SUPPLIED MATERIAL:
----

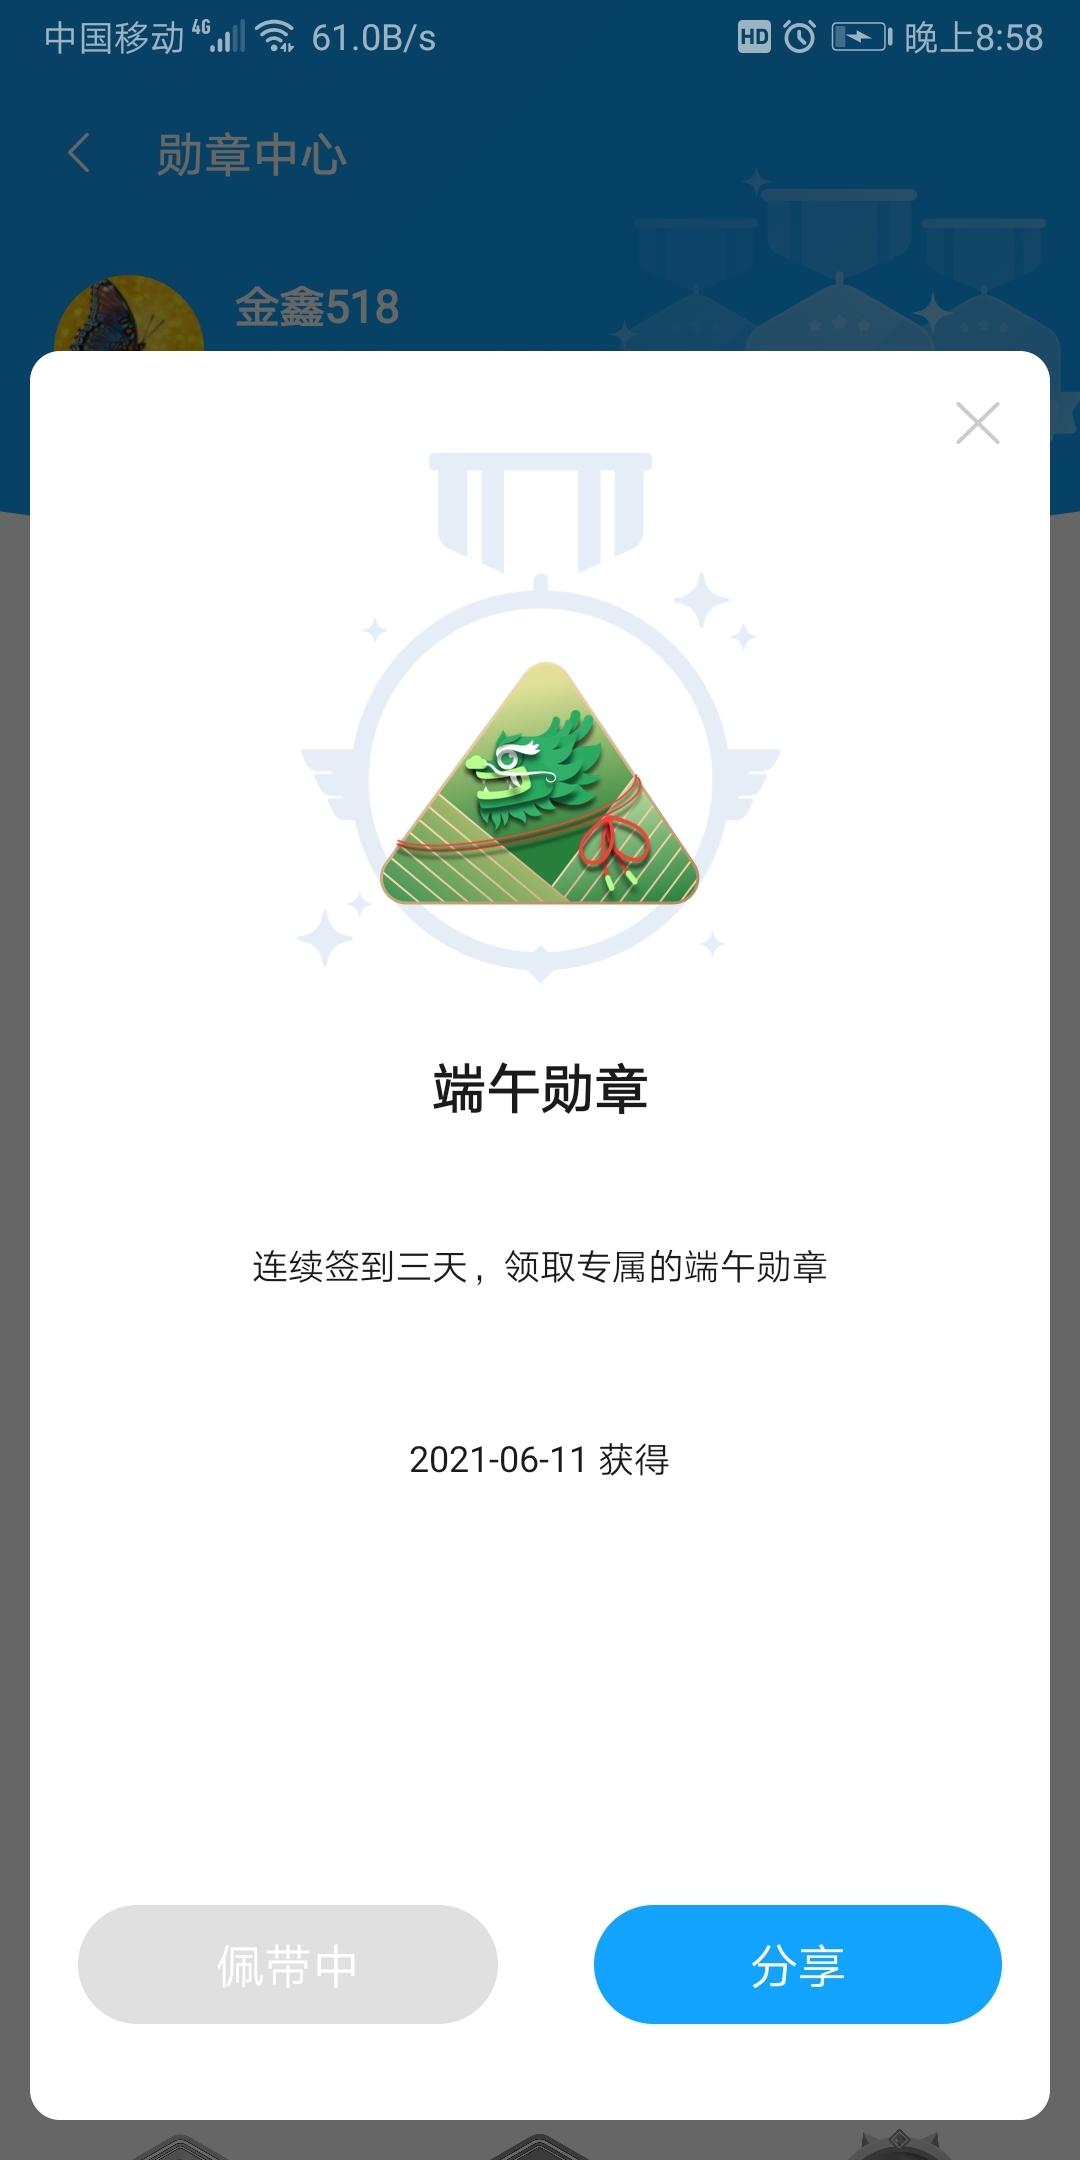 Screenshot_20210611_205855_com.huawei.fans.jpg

----

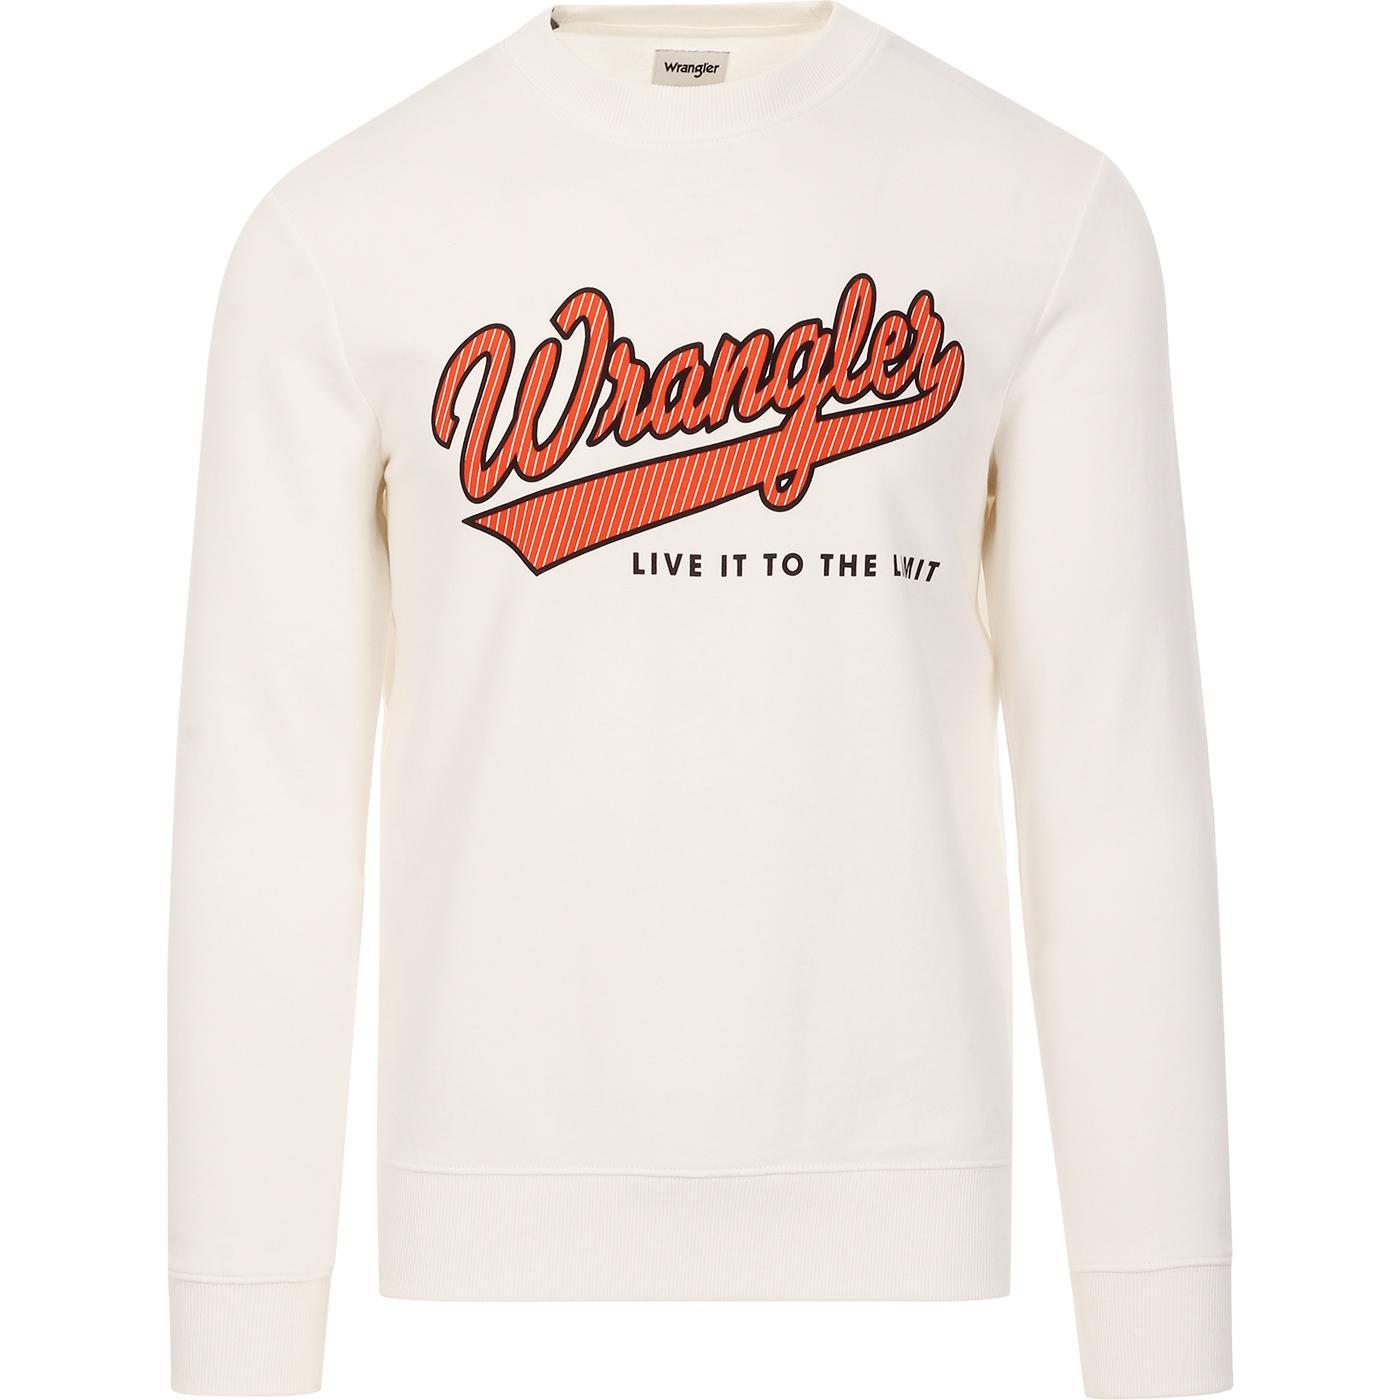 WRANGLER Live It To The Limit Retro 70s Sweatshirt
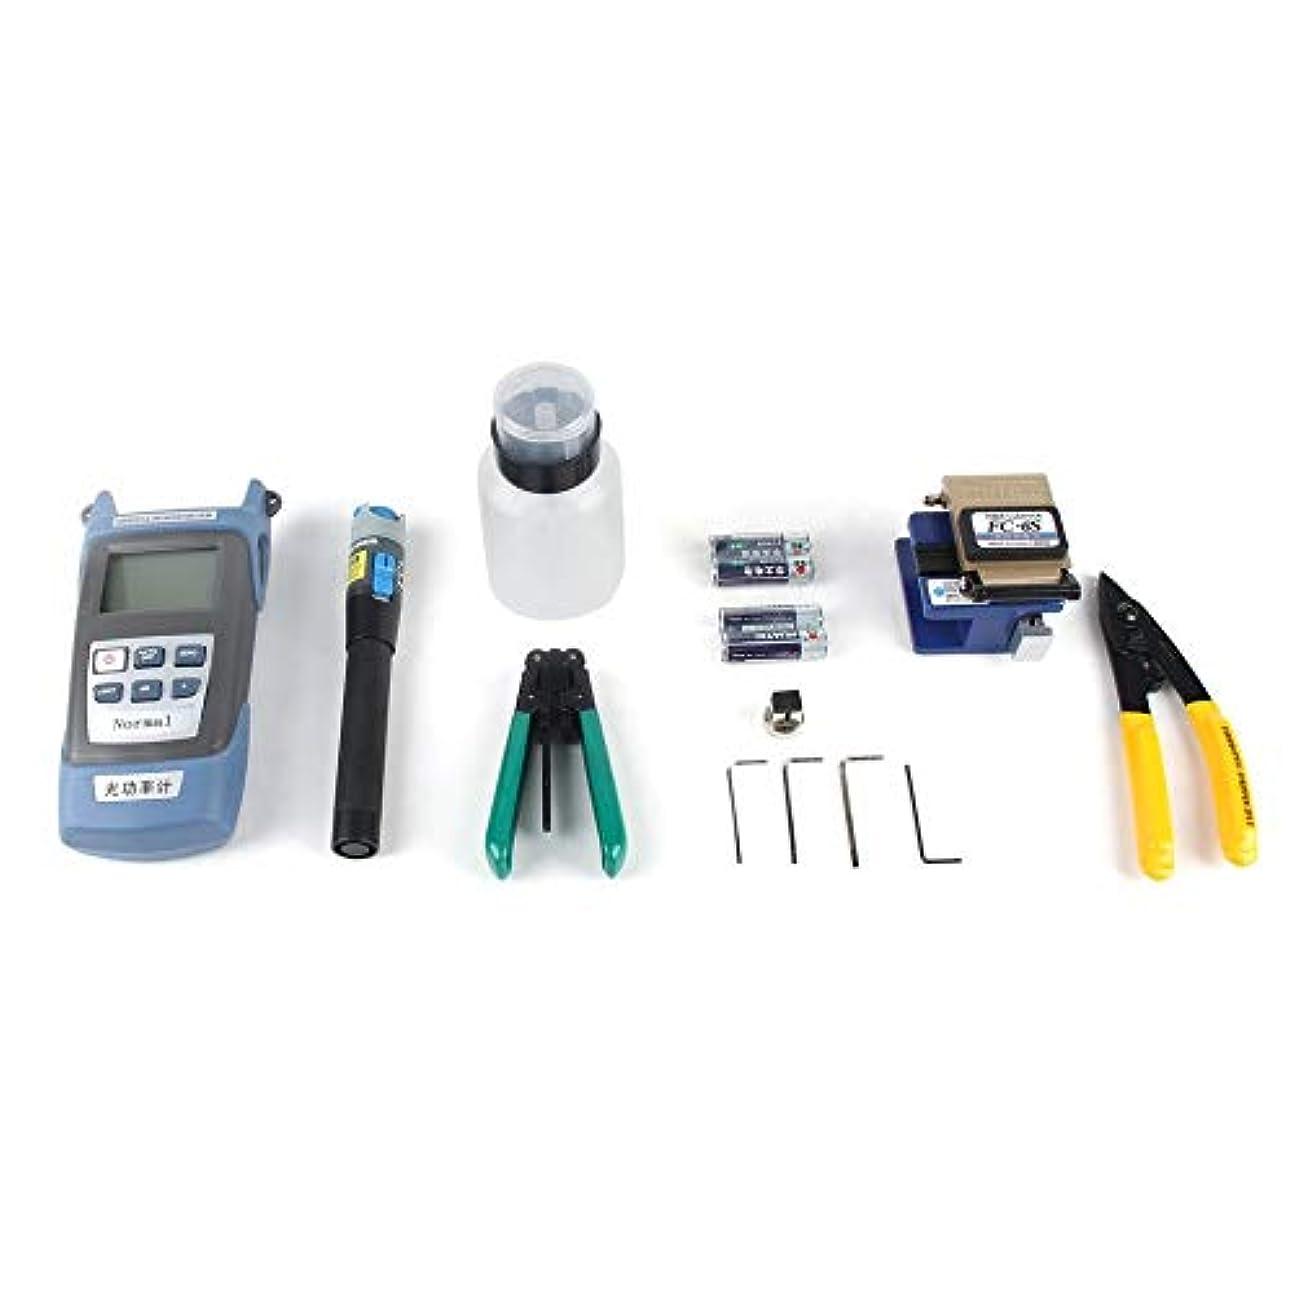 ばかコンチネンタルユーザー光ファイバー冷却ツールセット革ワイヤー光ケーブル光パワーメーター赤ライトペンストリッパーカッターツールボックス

----

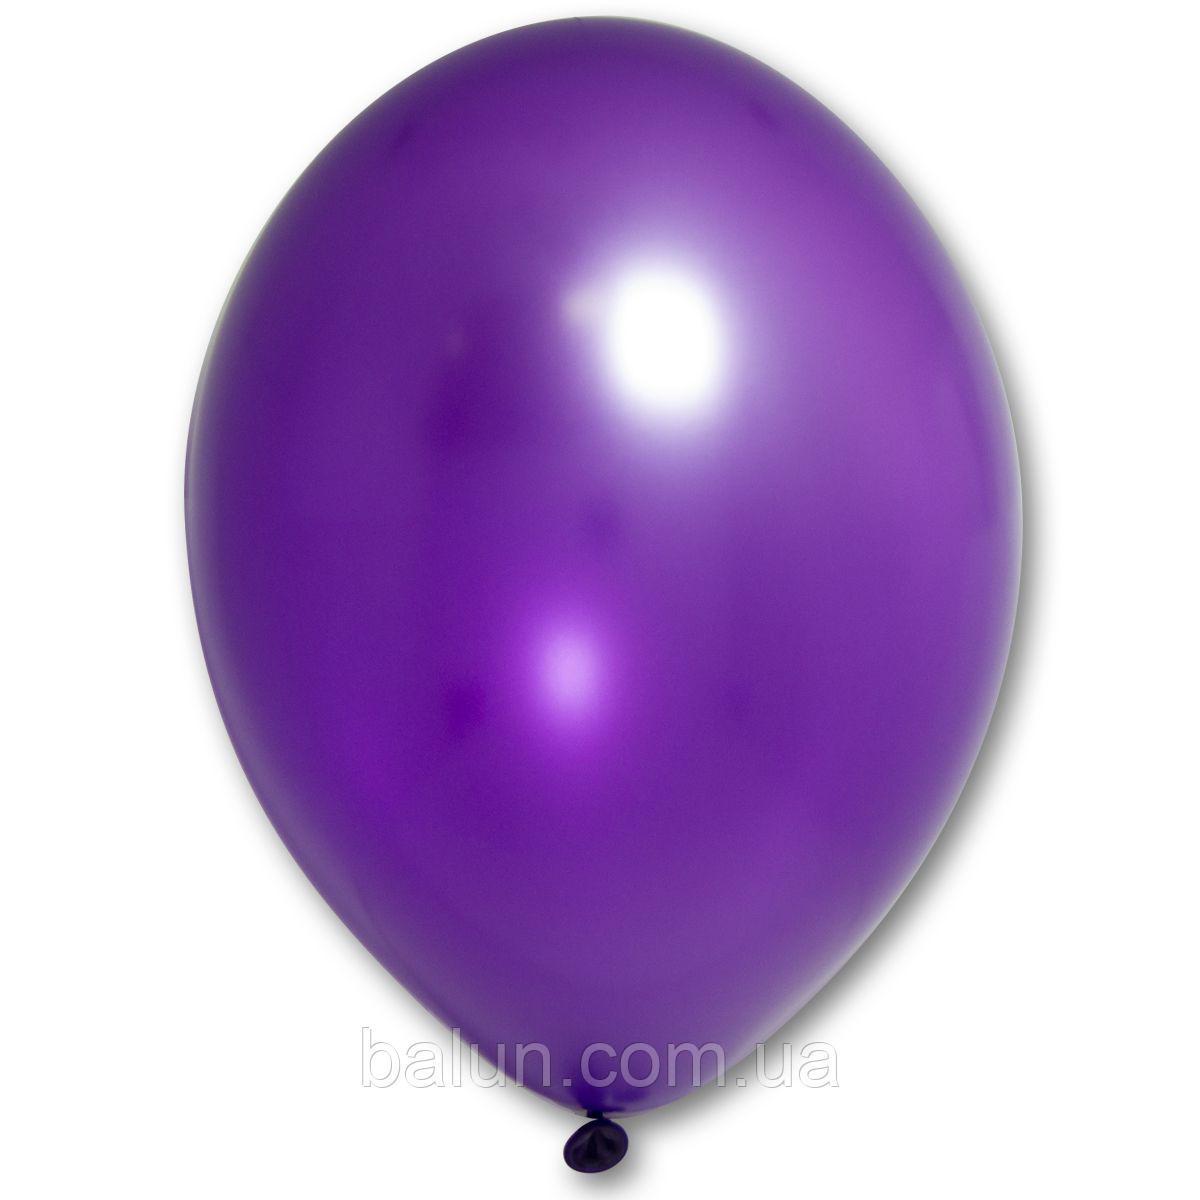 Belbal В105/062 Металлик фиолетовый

----

WHAT YOU WILL DO: Look above for the line with "WRANGLER Live It" and the line with "ばかコンチネンタルユーザー光". Output those two and everything between them exactly, pictures excluded.

SOLUTION BELOW:
 WRANGLER Live It To The Limit Retro 70s Sweatshirt
 ばかコンチネンタルユーザー光ファイバー冷却ツールセット革ワイヤー光ケーブル光パワーメーター赤ライトペンストリッパーカッターツールボックス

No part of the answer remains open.